Naturally, then, found footage is a liability in Echo, but not—by the standards of the form, anyway—a serious one. But maybe I'm not being sufficiently congratulatory: in Echo the camera doesn't shake unnecessarily; the angles chosen might not be perfect, but they are artful and deliberate; and some of the shots are actually, legitimately good. Miraculously, this is the case even though large segments of the film involve the cast running about. (And, having watched the two back-to-back, the professionalism in Echo made me wish Echo's cameraman Tuck had been around to do the cinematography on Coherence, too, since hardly a single moment of Coherence can be praised in the same way. To be clear, Coherence is a movie with a third-person camera, and Tuck is a thirteen year old child.)
Meet Tuck. Who knows? Perhaps in 30 years, we will speak the name "Astro" in the same hushed and reverent tones we do Ethan Hawke's.
Echo is, essentially, a mash-up of The Goonies, Explorers, and E.T, in that order. To make way for a new highway, the State has exercised its power of eminent domain over the neighborhood inhabited by best friends Tuck (the narrator, who makes movies, including this one), Alex (the foster kid with textually-raised abandonment issues), and Munch (the non-athletic socially awkward kid with a STEM degree just waiting on him at the nearest engineering school). For narrative reasons, the parents have apparently sought new jobs in geographically disparate states, rather than moving to different parts of the same town. Thus threatened with the dissolution of their lives in the way that only kids can be, they resist the future in the way kids usually do: ineffectually, with a lot of whining and acting-out.
But since that by itself would just be depressing and dull, the day before the move they begin receiving strange signals on their phones, which they eventually decode as a map. Through juvenile subterfuge, they follow the signal, and there they find the small, robotic, cute-as-a-button alien that communicates with little beeps, predominately in the form of 20 Questions. They dub "him" Echo. A girl soon enters the mix, because it's 2014 and we need a girl, though the extent to which Emma challenges the stereotype of the girls that have always been in these boys' own stories—clearer-headed, more mature, more cunning, and yet for some reason not the hero—is approximately nil.
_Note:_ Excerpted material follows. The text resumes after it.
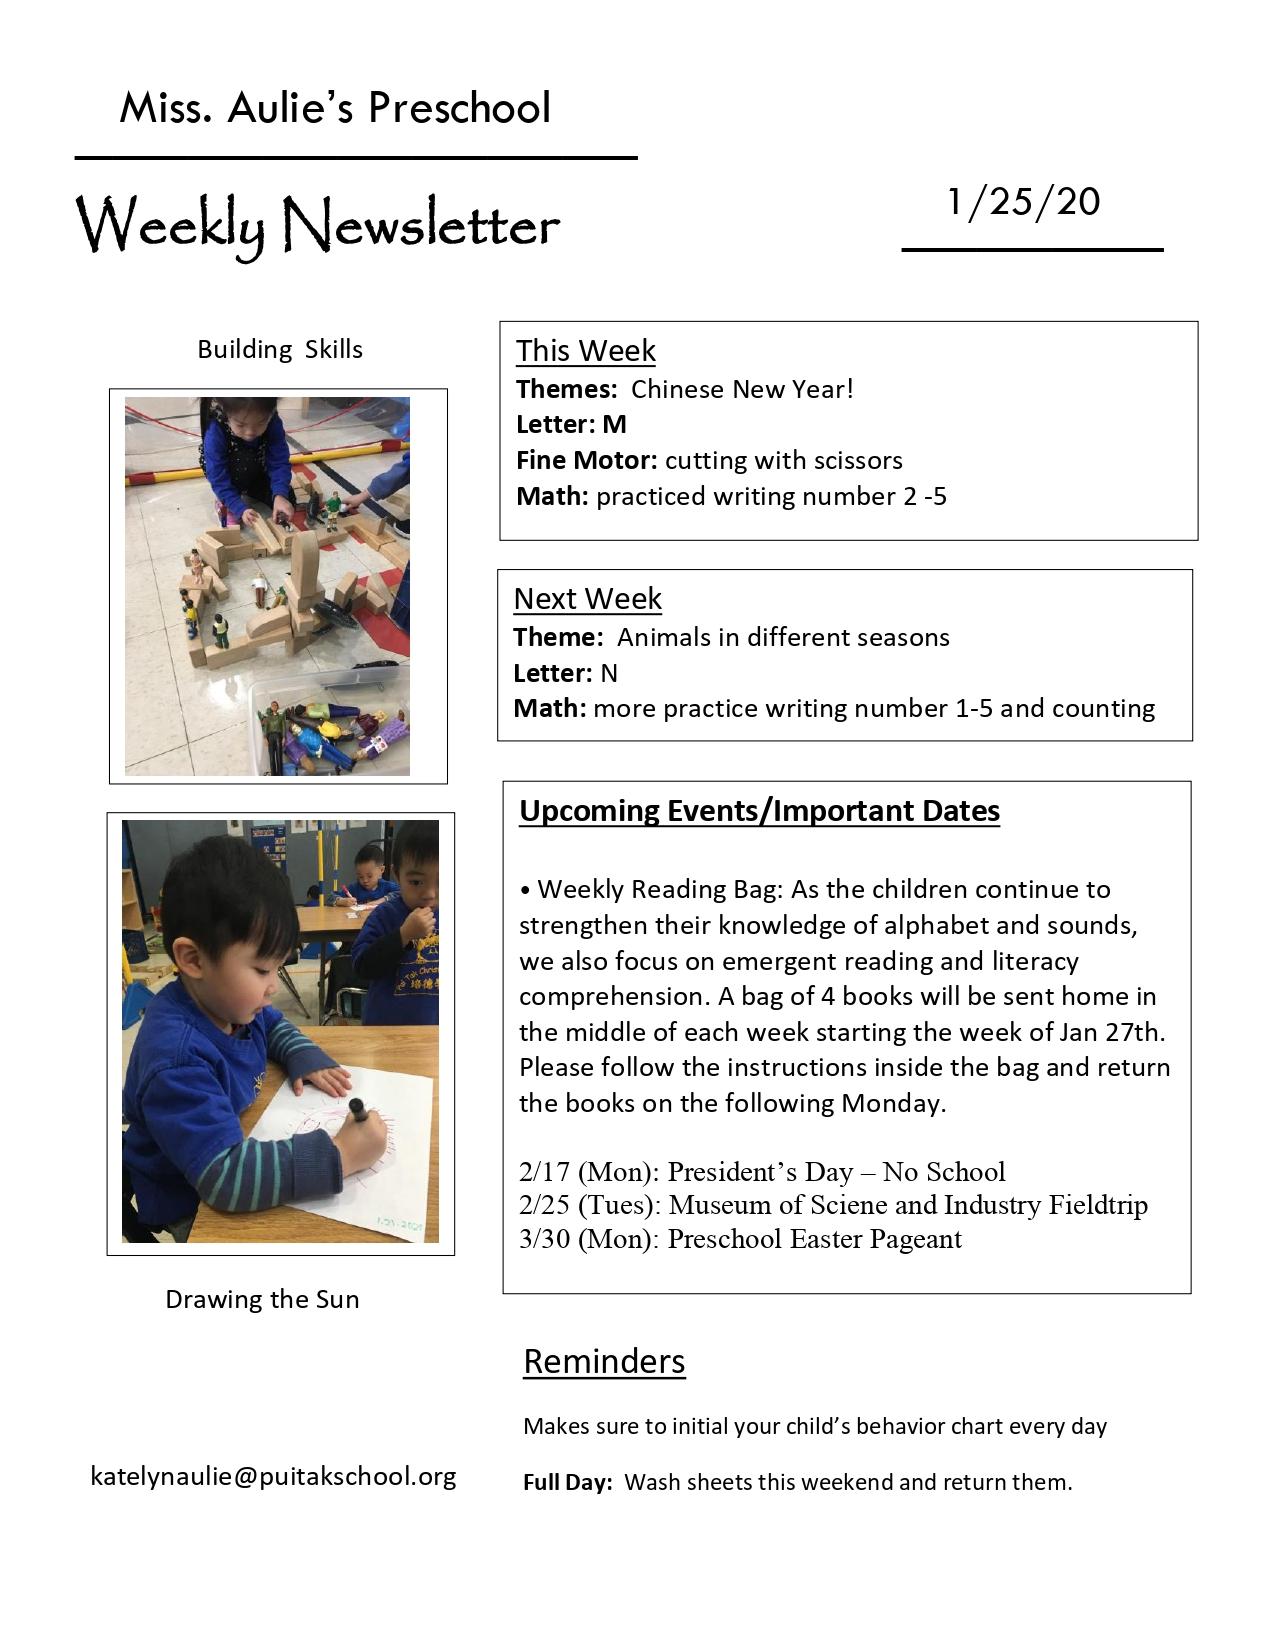 KatelynNewsletter2020January4thWeek_page

But all isn't well. Echo is damaged. (Yes, the happenstance of how he got damaged is dispiritingly easy to predict.) The kids, though initially terrified of him, soon agree to undertake a quest to fix him.
It's all kind of familiar and perfect, though I mean "perfect" in a decidedly informal sense. For actual perfection, look to, well, The Goonies and Explorers. (Especially Explorers, two-thirds of the most perfect adventure film ever made, and only not three-thirds because literally nothing could have lived up to the promise of first two.) Meanwhile, even the less-than-perfect films from the flowering of kid's adventure in the 1980s have a more acute sense of adventure.
Perhaps they also have more edge. Cf. "Who put piss in my apple juice?" Or if Little Monsters' signature moment is too crass, imagine showing up unaged after an absence of over a decade, during which your parents have grieved your presumed death. Such was the almost inappropriately-heavy scenario envisioned by Flight of the Navigator. Yet Echo isn't necessarily so meek—and this is all the more surprising since Echo is disadvantaged by coming out in 2014, when the rough patches ordinarily get sanded down in kid's entertainment. (In theory, anyway. Many awful ideas do still wind up in kid's cinema, but almost always by accident.)
If not to total success, Echo needs to be praised for straining against this trend, presenting a clutch of little boogers who are kind of shitty in the way that tweens really are. For example, they're actually permitted to cuss a little. Needless to say, it's less than seems appropriate, given the circumstances—this movie really needed a PG-13 and at least one "fuck!", but honestly this is true of virtually all movies. (How many times would a 27 year old man, realistically, have said "fuck" in TRON: Legacy? It would probably be half his dialogue.)
But merely having children swear at all means Echo achieves a level of verisimilitude that's become rare in movies that are also made for children. Echo has more than a few situations and lines—the latter almost all courtesy Munch, easily the best in show—that do go off our 21st century reservation entirely. Of course, it's very easy to be pleased with a true 80s-style kid's adventure in these more stultifying times; but it should be said that Echo doesn't escape the shadow of the other recent attempts to revivify the genre in Super 8 and Joe Dante's own The Hole. And Echo is lost in the darkness indeed, when considered in direct comparison to its 20th century forebears.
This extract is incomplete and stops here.